はじめまして、やましーといいます。特に仕様に詳しいとかはなくて、ただの一般 CSS ユーザーです。TeX が色々と面倒だったのがきっかけで、学校のレポート等を CSS 組版で書いたりしています。

本稿では、まず筆者の CSS 組版経験、組版環境を説明します。それから、viola-savepdf を用いて同人誌と卒論を制作した際の感想を述べます。組版ツール開発者ではない、いちユーザーからの目線で紹介できたらいいなと思っています。

筆者の CSS 組版経験

CSS 組版に初めて触れたのは 2016 年頃です。最初の頃は Vivliostyle の存在も知らず、当時のブラウザ実装がカバーしている範囲でスタイルを作っていました。これは筆者が下手だったのですが、印刷用スタイルの知見がなく明示的にページを宣言する必要があるなど、一応組版は可能なものの実用的ではありませんでした。とはいえ、学校の薄いレポート程度ならこれでも充分に要件を満たしていました。

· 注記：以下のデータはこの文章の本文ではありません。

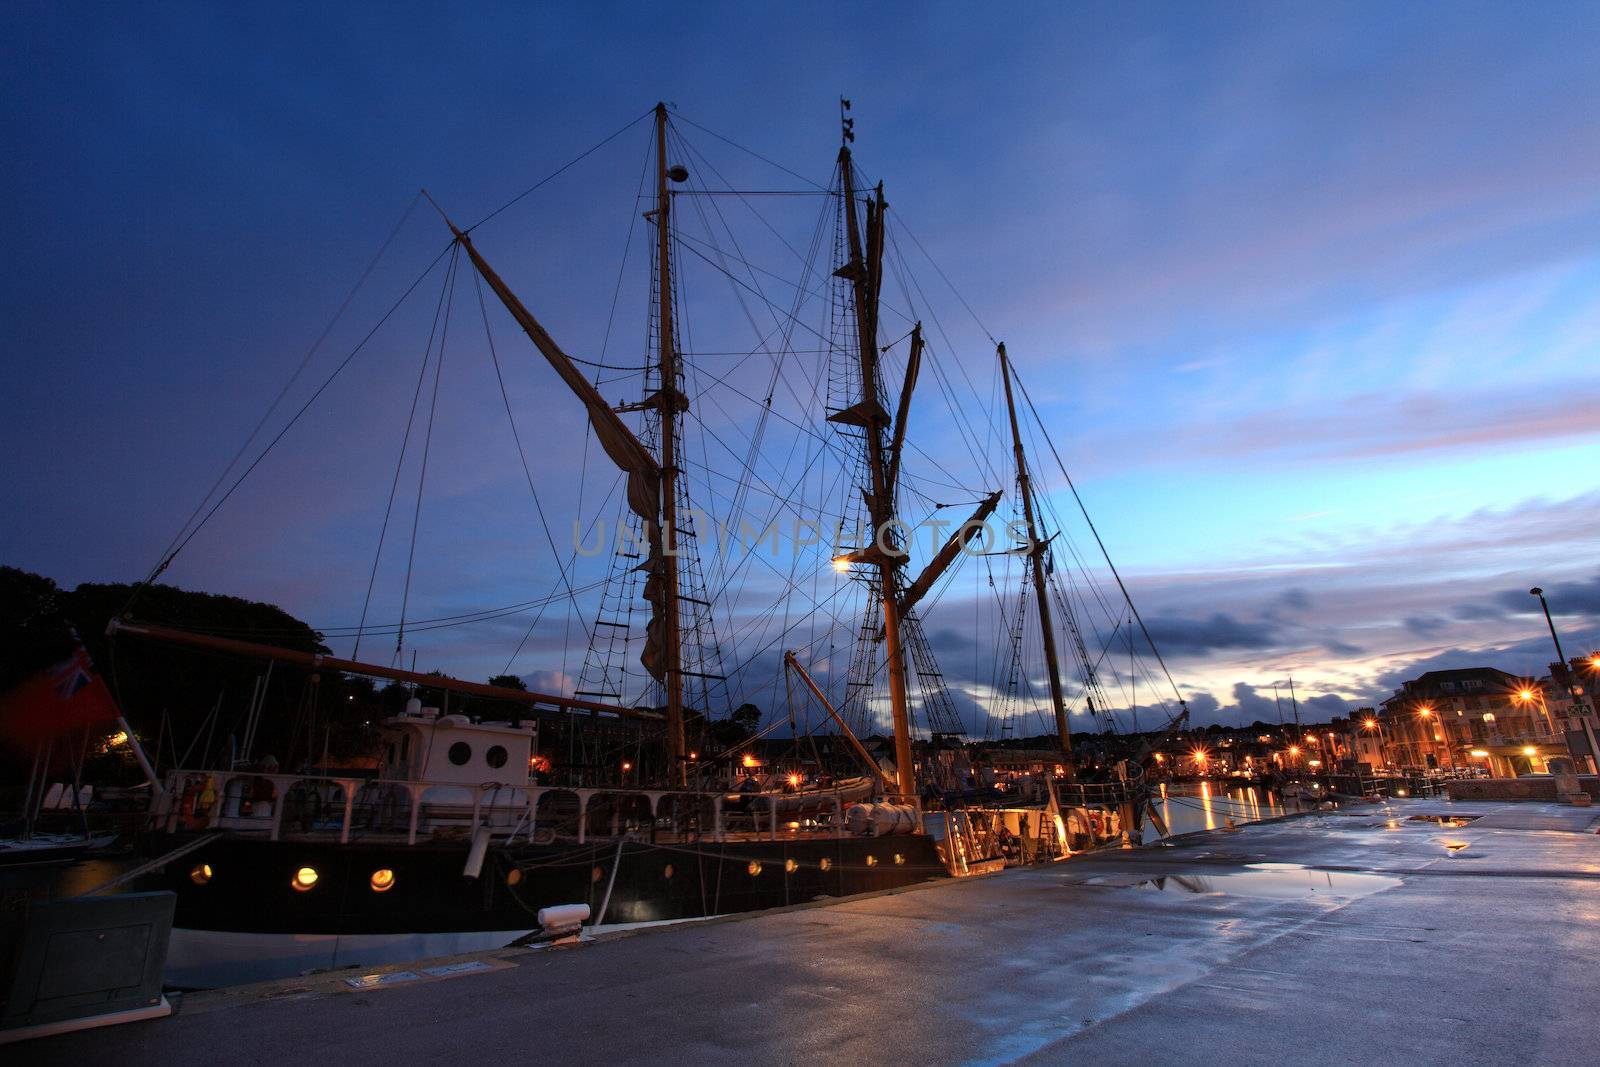 The Pelican Sailing Ship in Weymouth Quay at Sunset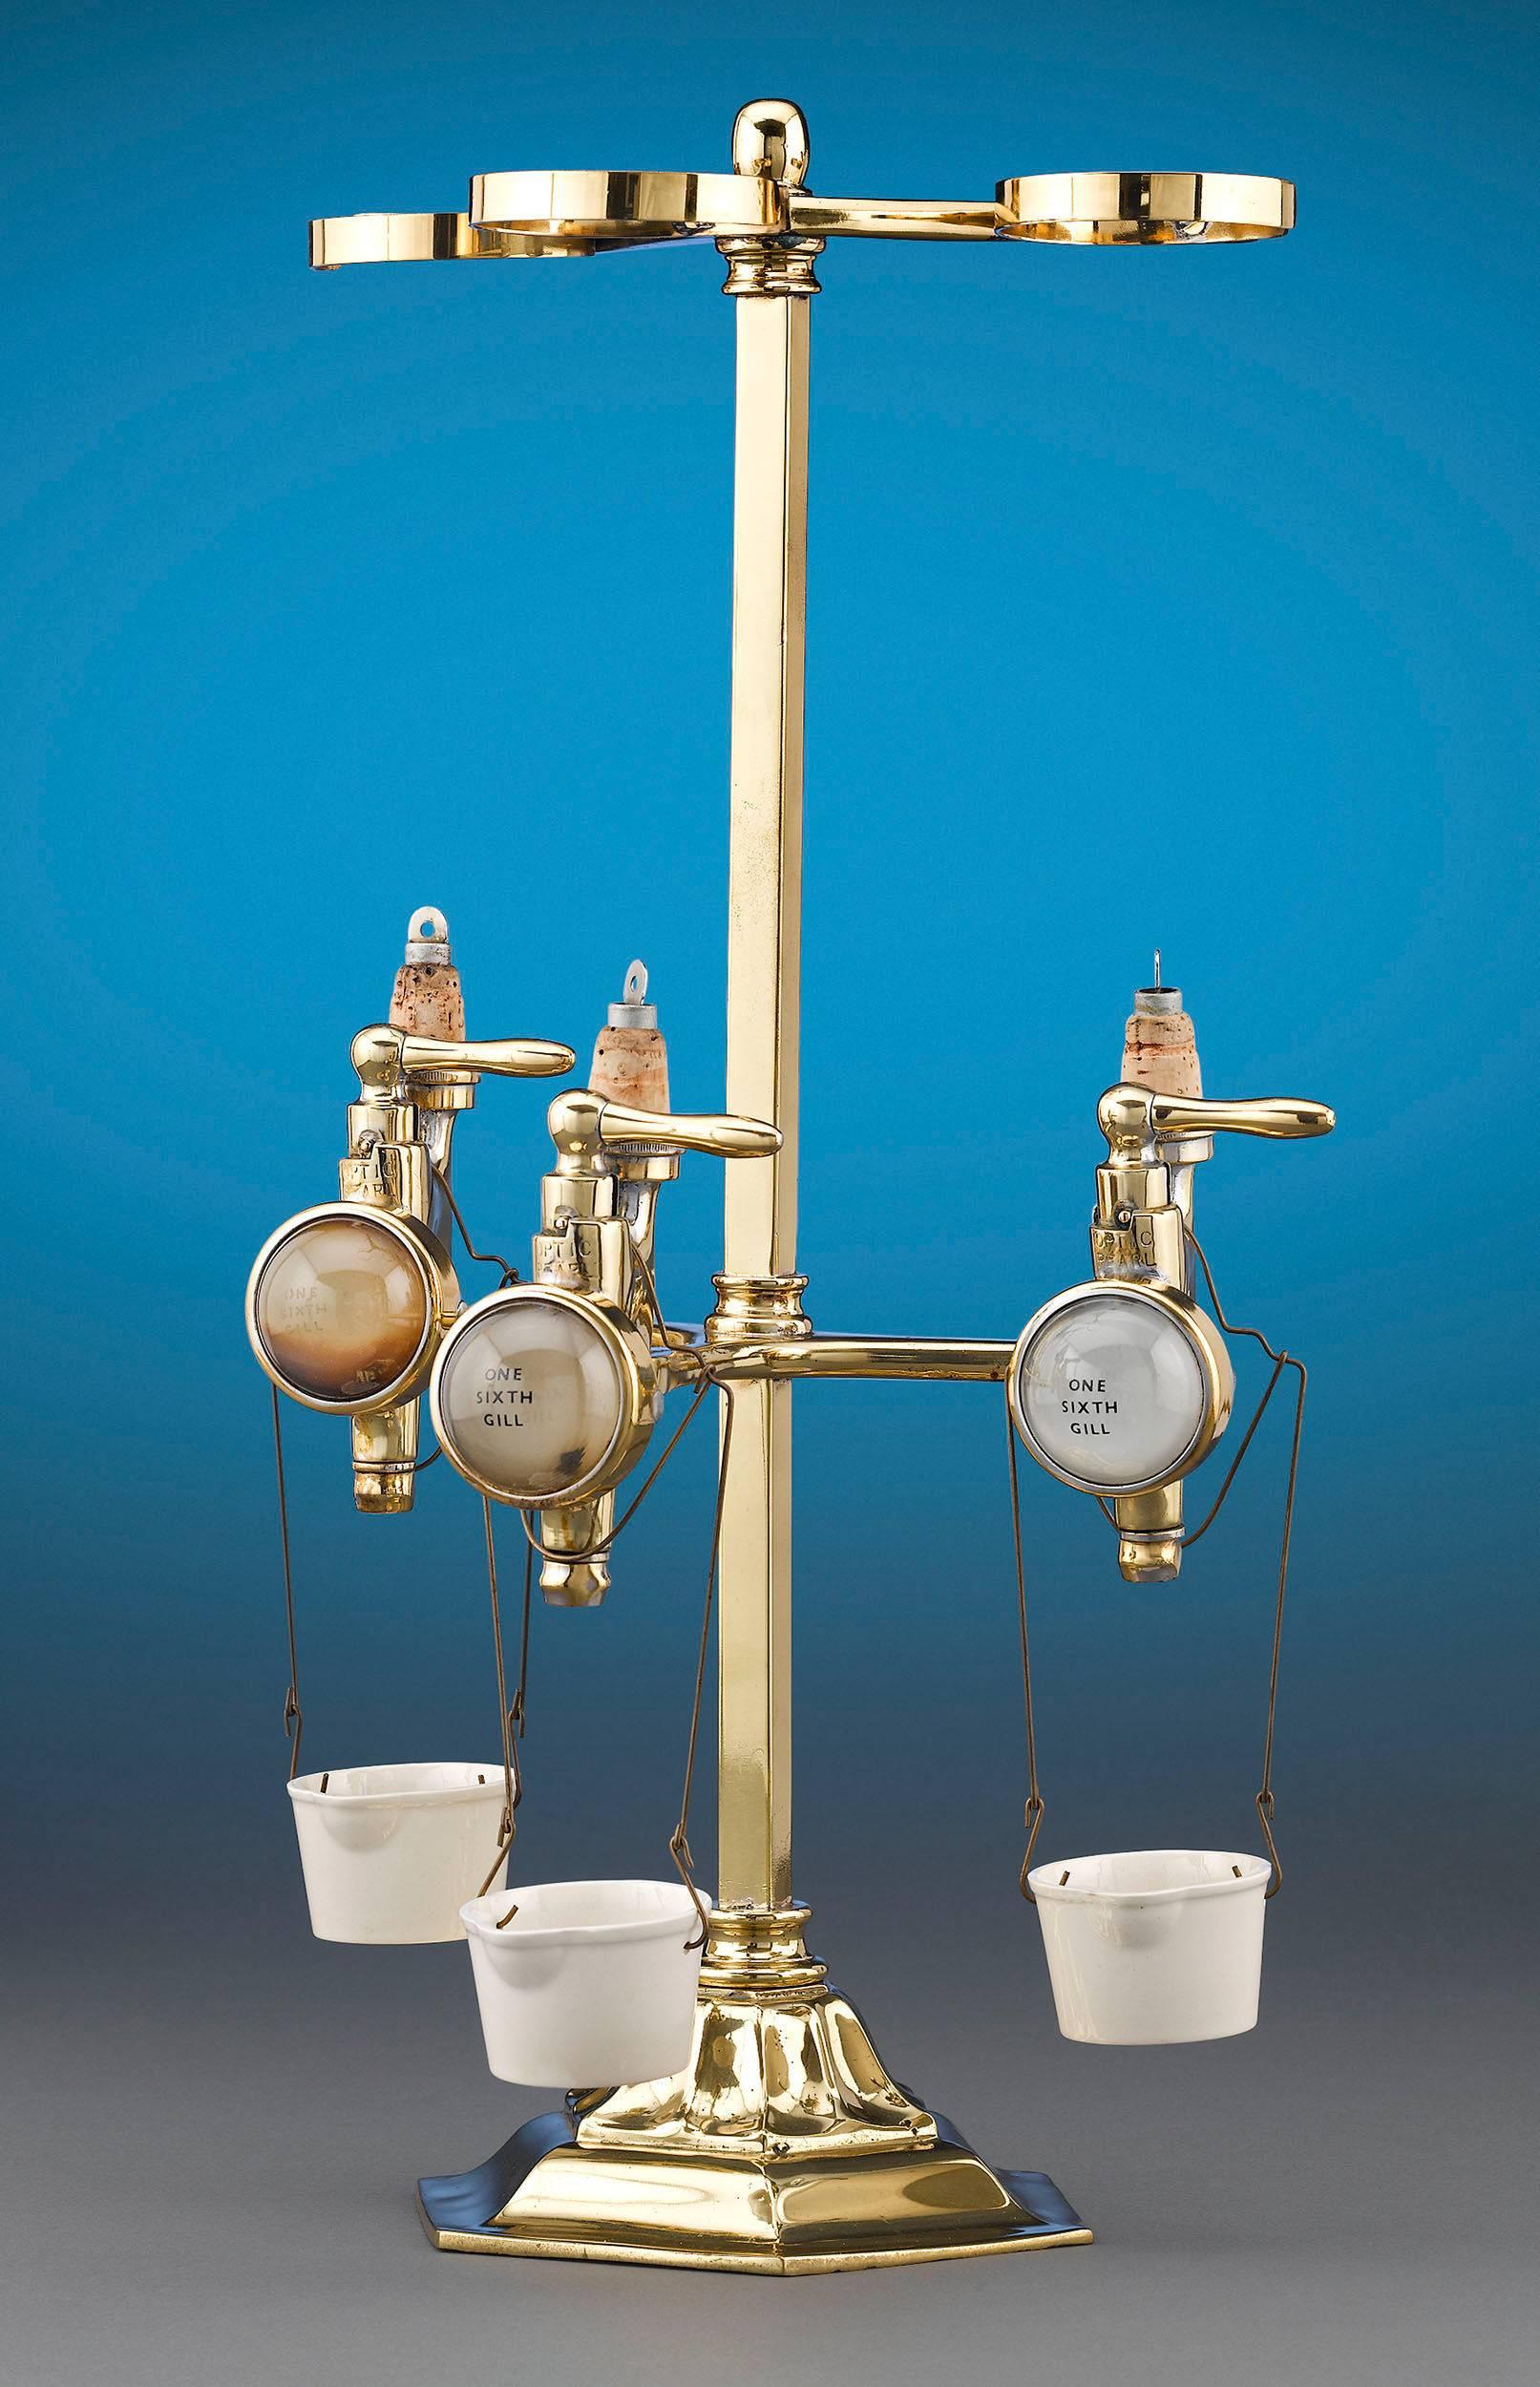 This set of three non-drip drink dispenser measures was a must have for any professional bar. Also known as optics due to their resemblance to optical lenses, these gravity-fed dispensers took any guesswork out of dispensing the correct amount of

今はもう残骸しかありませんが、yamasy1549/ZinkeNhttps://github.com/yamasy1549/ZinkeNというリポジトリで見ることができます。

しばらくは ZinkeN を使っていたのですが、2018 年にはるさめさんの『CSS ではじめる同人誌制作 増訂版https://pentapod.booth.pm/items/969754』を読んで、技術書典 5 に出した同人誌https://kosen14s.booth.pm/では本格的に CSS 組版に挑戦することになりました。

また、この同人誌を CSS 組版で書けたことが嬉しかったので、卒論も CSS 組版で制作することにしました。

同人誌TOGETHER見本
同人誌TOGETHER見本
卒論見本
卒論見本

CSS 組版の流れ

おおむね以下のような構成、環境をとっています。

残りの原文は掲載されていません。